Burden of illness associated with sinusoidal obstruction syndrome/veno-occlusive disease in patients with hematopoietic stem cell transplantation
- PMID: 28562132
- DOI: 10.1080/13696998.2017.1336623
Burden of illness associated with sinusoidal obstruction syndrome/veno-occlusive disease in patients with hematopoietic stem cell transplantation
Abstract
Aims: Sinusoidal obstruction syndrome (SOS) is a life-threatening complication of hematopoietic stem cell transplantation (HSCT) associated with significant morbidity and mortality. Healthcare utilization, costs, and mortality were assessed in HSCT patients diagnosed with SOS, with and without multi-organ dysfunction (MOD).
Materials and methods: This retrospective observational study identified real-world patients undergoing HSCT between January 1, 2009 and May 31, 2014 using the Premier Healthcare Database. In absence of a formal ICD-9-CM diagnostic code, SOS patients were identified using a pre-specified definition adapted from Baltimore and Seattle criteria and clinical practice. Severe SOS (SOS/MOD) and non-severe SOS (SOS/no-MOD) were classified according to clinical evidence for MOD in the database.
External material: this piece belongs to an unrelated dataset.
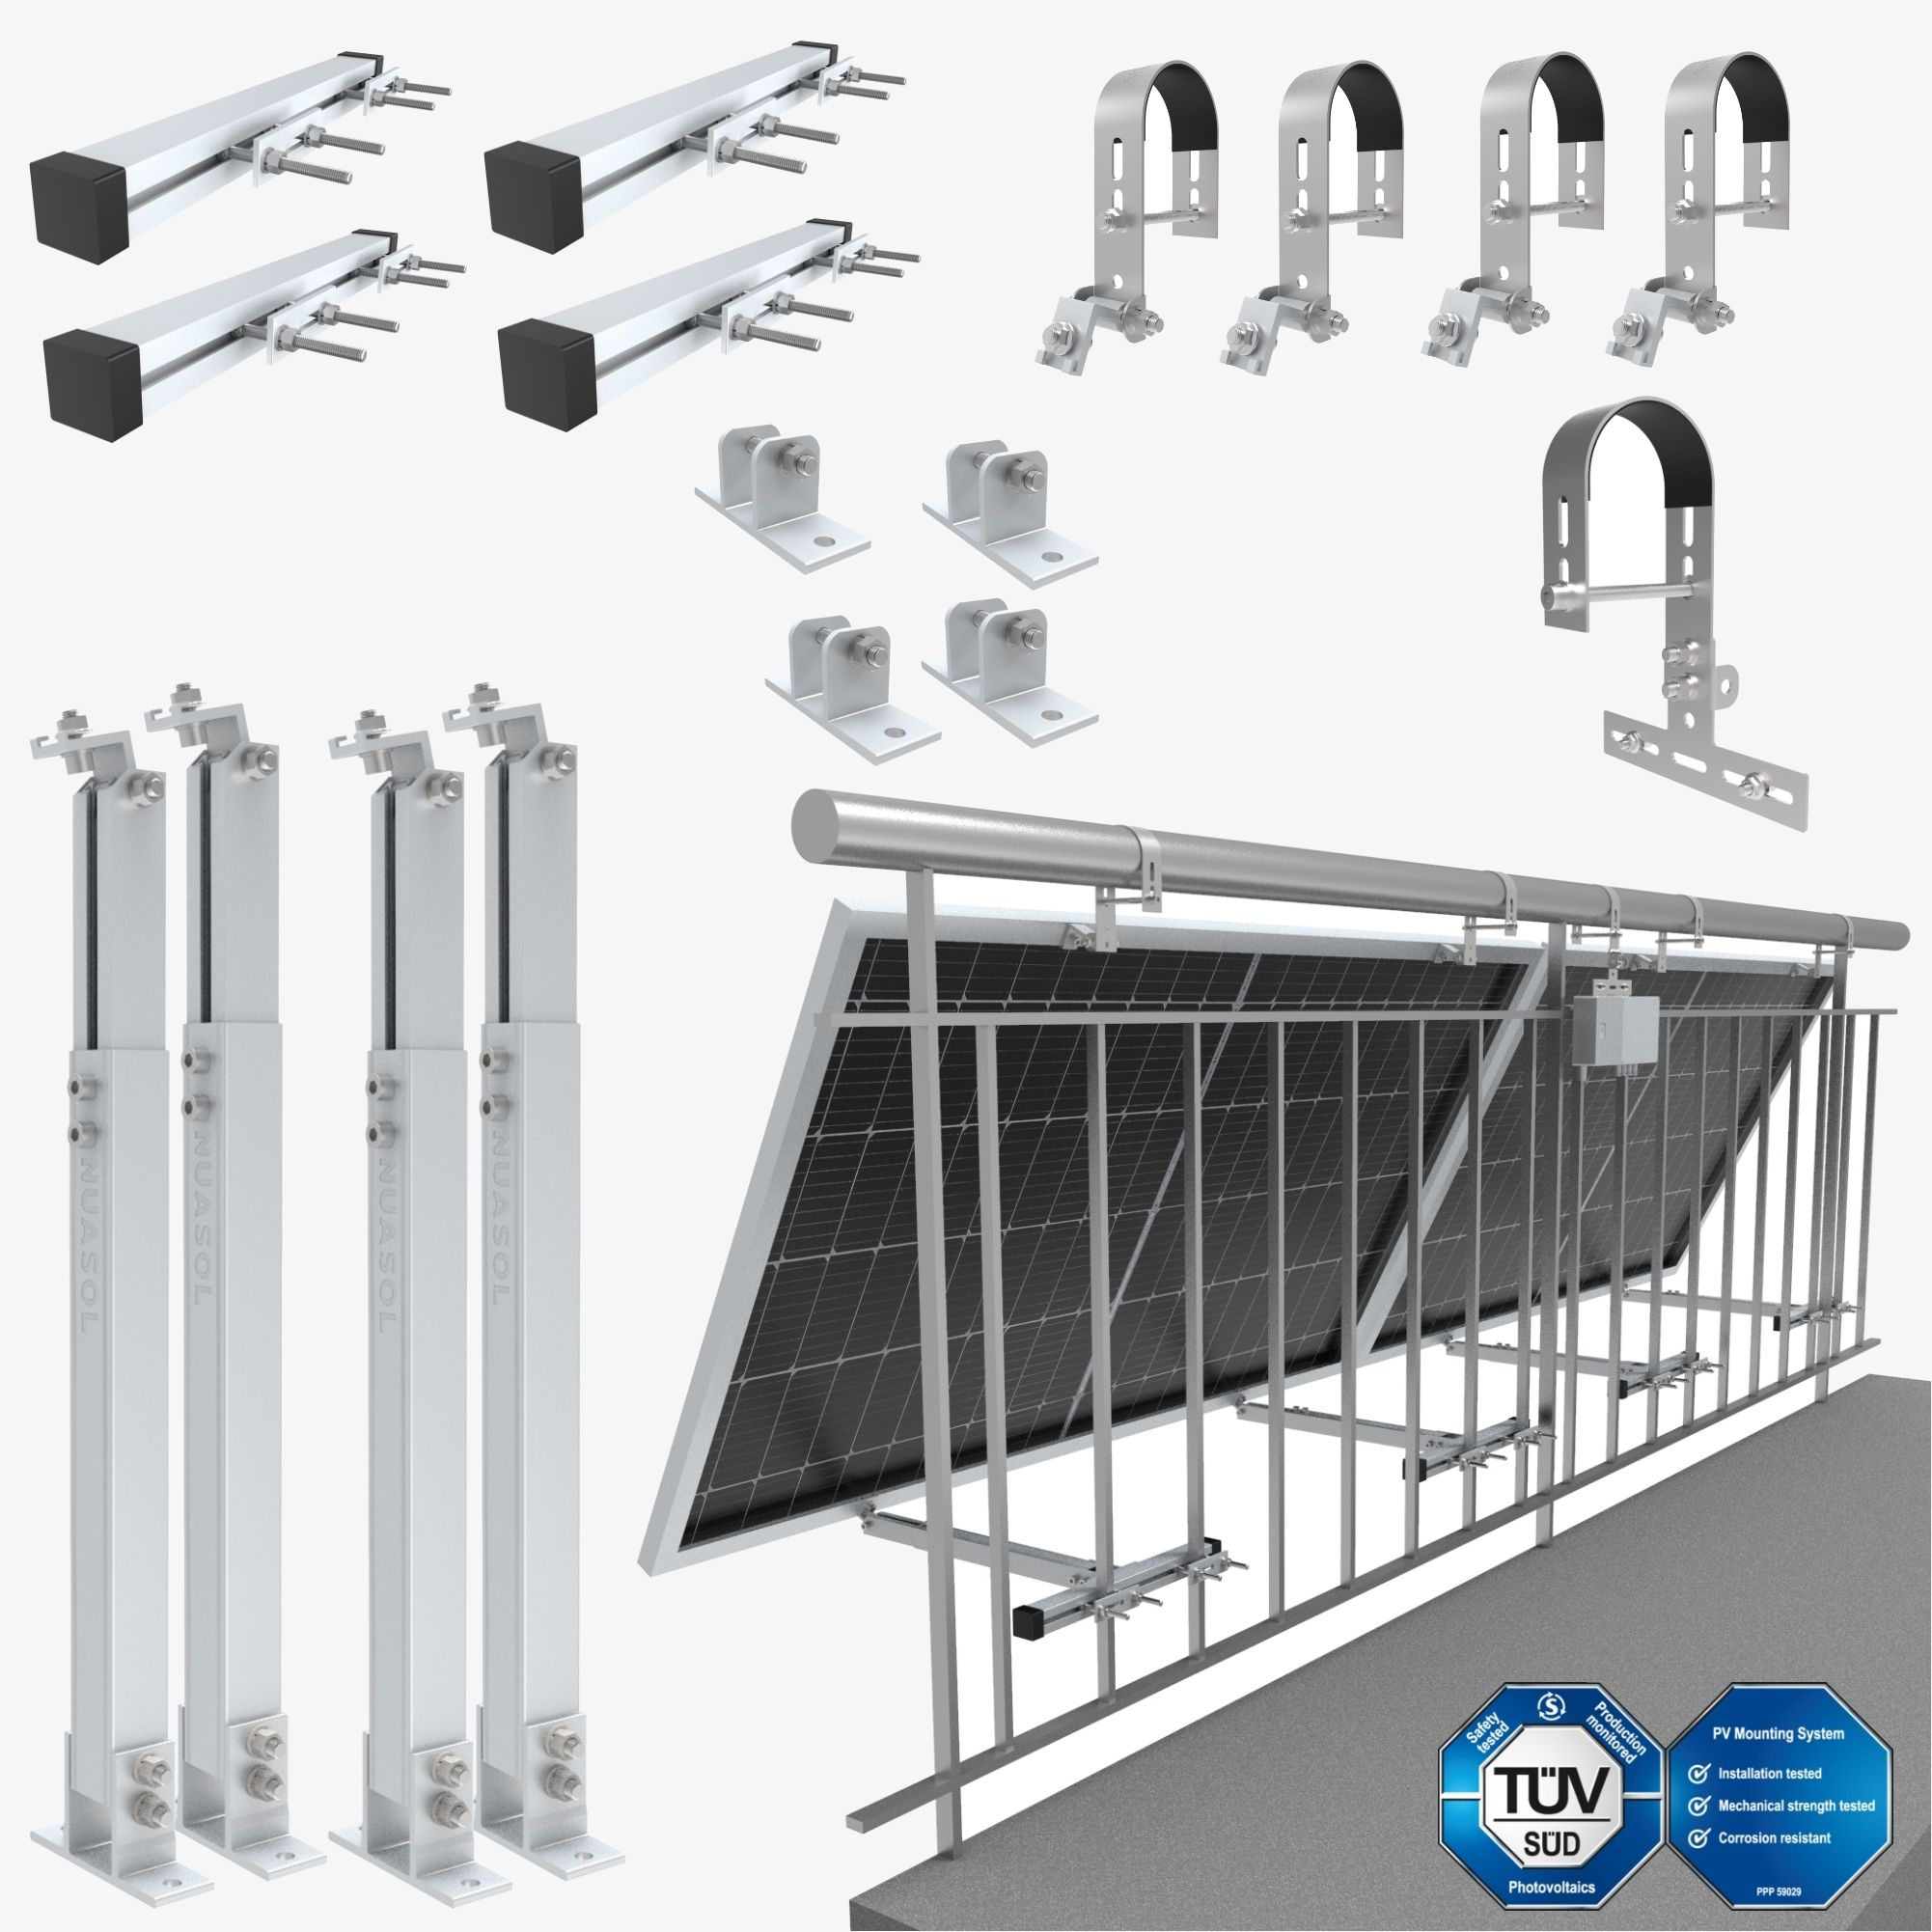 Solar Panel T bolts, SUS 304 for PV Module Mounting Rails

Results: Of the 5,418 patients with a discharge diagnosis of HSCT, 291 had SOS, with 134 categorized as SOS/MOD and 157 as SOS/no-MOD. The remaining 5,127 patients had HSCT without SOS. Overall SOS incidence was 5.4%, with 46% having evidence of MOD. Distribution of age, gender, and race were similar between the SOS cohorts and non-SOS patients. After controlling for hospital profile and admission characteristics, demographics, and clinical characteristics, the adjusted mean LOS was 31.0 days in SOS/MOD compared to 23.9 days in the non-SOS cohort (medians = 26.9 days vs 20.8 days, p < .001). The adjusted mean cost of SOS/MOD patients was $140,653, which was $41,702 higher than the non-SOS cohort (medians = $105,749 vs $74,395, p < .001). An almost 6-fold increased odds of inpatient mortality was associated with SOS/MOD compared to the non-SOS cohort (odds ratio = 5.88; 95% CI = 3.45-10.33).
Limitations: Limitations of retrospective observational studies apply, since the study was not randomized. Definition for SOS was based on ICD-9 diagnosis codes from a hospital administrative database and reliant on completeness and accuracy of coding.
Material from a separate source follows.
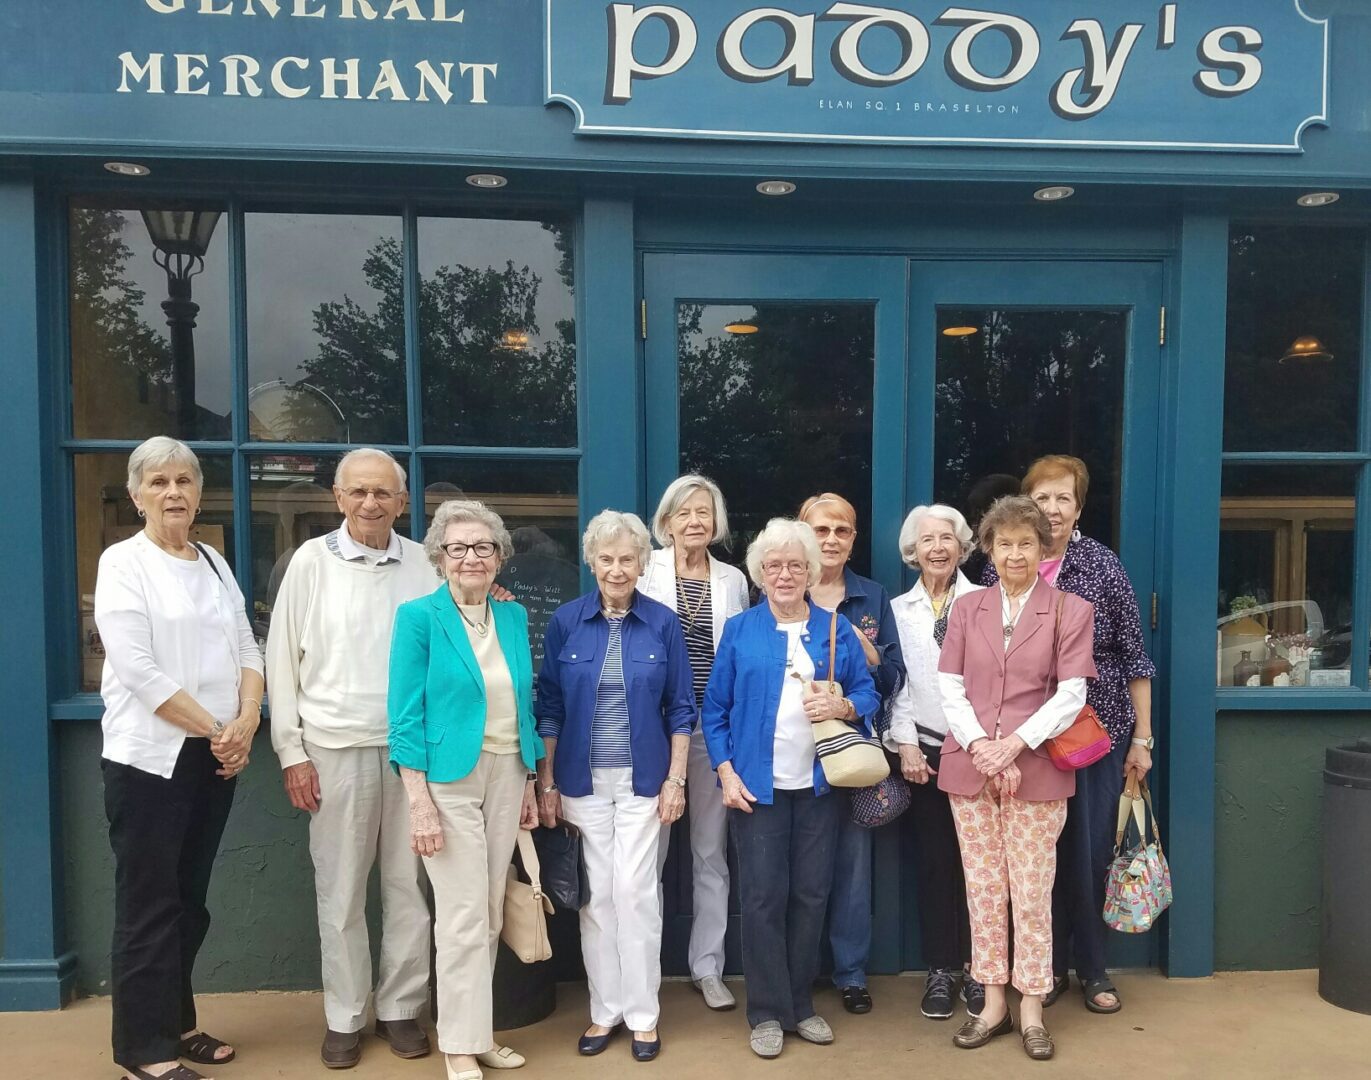 Ladies on staycation visiting Paddy's general merchant

Conclusions: Analysis of real-world data shows that SOS/MOD is associated with significant increases in healthcare utilization, costs, and inpatient mortality.
Keywords: 30-day readmissions; Burden of illness; Costs; Healthcare resource utilization; Hematopoietic stem cell transplantation (HSCT); Hepatic veno-occlusive disease (VOD); Hospital length of stay; Inpatient mortality; Multi-organ dysfunction; Sinusoidal obstruction syndrome (SOS).